FAQ: Mississippi Fred McDowell Guitars & Gear
- What guitar did Mississippi Fred McDowell play?
- McDowell initially played National resonator guitars — the steel-bodied single-cone resonator that provided the acoustic volume necessary for outdoor performance at dances and picnics without amplification. Beginning in the 1960s, after his rediscovery by Alan Lomax and entry into the professional touring circuit, he adopted electric guitar — a Fender Stratocaster and similar instruments documented in photographs. He is noted as “probably the first original delta or country blues musician” to make this transition to electric. He did not own any guitar until he was 37 years old.
- What slide did Mississippi Fred McDowell use?
- A glass slide worn on his ring finger — chosen “for its clearer sound” after experimenting with earlier materials. His slide progression: pocket knife (first slide), hollowed beef rib bone (developed his own slide from a beef rib), then glass bottle neck (final settled choice). He wore the glass slide on his ring finger throughout his mature career.
- What tuning did Mississippi Fred McDowell use?
- Open E (E B E G# B E) was his primary documented tuning, giving an open E major chord when the strings are strummed without fretting. He also used Open A (E A E A C# E) — one step lower than Open E with the same harmonic relationships — for certain songs and performance contexts. His approach to these open tunings reflects the hill country blues tradition: using the open tuning’s drone quality for extended single-chord or two-chord vamps rather than the full I-IV-V chord movement of standard Delta blues.
- How did the Rolling Stones relate to Mississippi Fred McDowell?
- The Rolling Stones recorded McDowell’s “You Gotta Move” for their 1971 album Sticky Fingers. McDowell was reportedly flattered by the cover. Keith Richards and Ronnie Wood both cite his slide technique as a primary influence on their own open-G slide playing. McDowell was gracious about the attention while maintaining his own musical identity — he famously declared “I do not play no rock and roll” throughout the recognition that came from the Rolling Stones’ interest in his work.

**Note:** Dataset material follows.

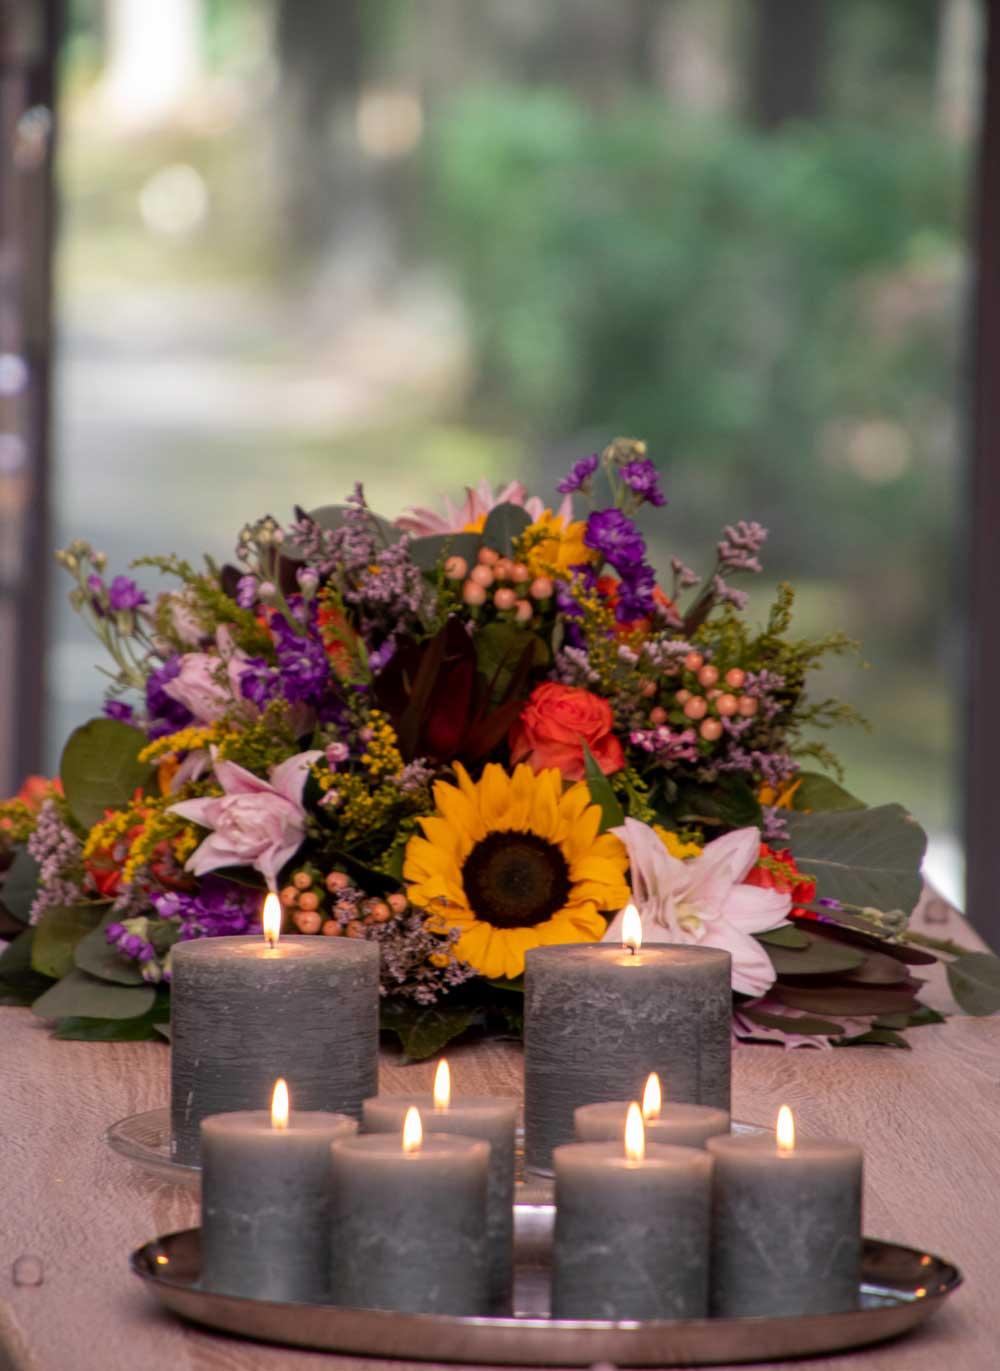 Een foto tijdens een uitvaart met bloemen, kaarsen en een kist

- Did Mississippi Fred McDowell teach Bonnie Raitt?
- Yes — Raitt learned slide guitar technique directly from McDowell, and has cited him specifically as the foundational influence on her slide playing approach. Big Train and the Loco Motives confirmed he “coached a young Bonnie Raitt to develop slide guitar techniques of her own.” This direct teacher-student relationship is one of the most significant transmissions of pre-war blues technique into contemporary rock and pop — Raitt absorbed the hill country blues slide tradition from its source.
- When was Mississippi Fred McDowell discovered?
- He was recorded for the first time in September 1959, when folklore researcher Alan Lomax and Shirley Collins encountered him during a field recording trip through North Mississippi. They were recording fife and drum music in a clearing when McDowell walked up carrying a guitar; they invited him to play, and recorded him on his porch over the next few evenings. These field recordings, part of the folk revival’s archival program, led to commercial recording opportunities and an international performing career that lasted until cancer forced him to stop in 1971.
- How do I get Mississippi Fred McDowell’s guitar tone?
- Steel-body single-cone resonator guitar (National Reso-Phonic or Regal/Gretsch budget equivalents) set up with high action for slide playing; glass slide on the ring finger; Open E tuning (E B E G# B E). No amplification for the acoustic period; clean amp with no effects for the electric period. The technique: maintain an open-E bass drone with the thumb while the slide responds vocally to sung phrases in a call-and-response dialogue. Learn his hill country blues approach of staying on a single chord with tiny variations — the repetition is the music, not the absence of it. Start with “You Gotta Move” in Open E and work from there.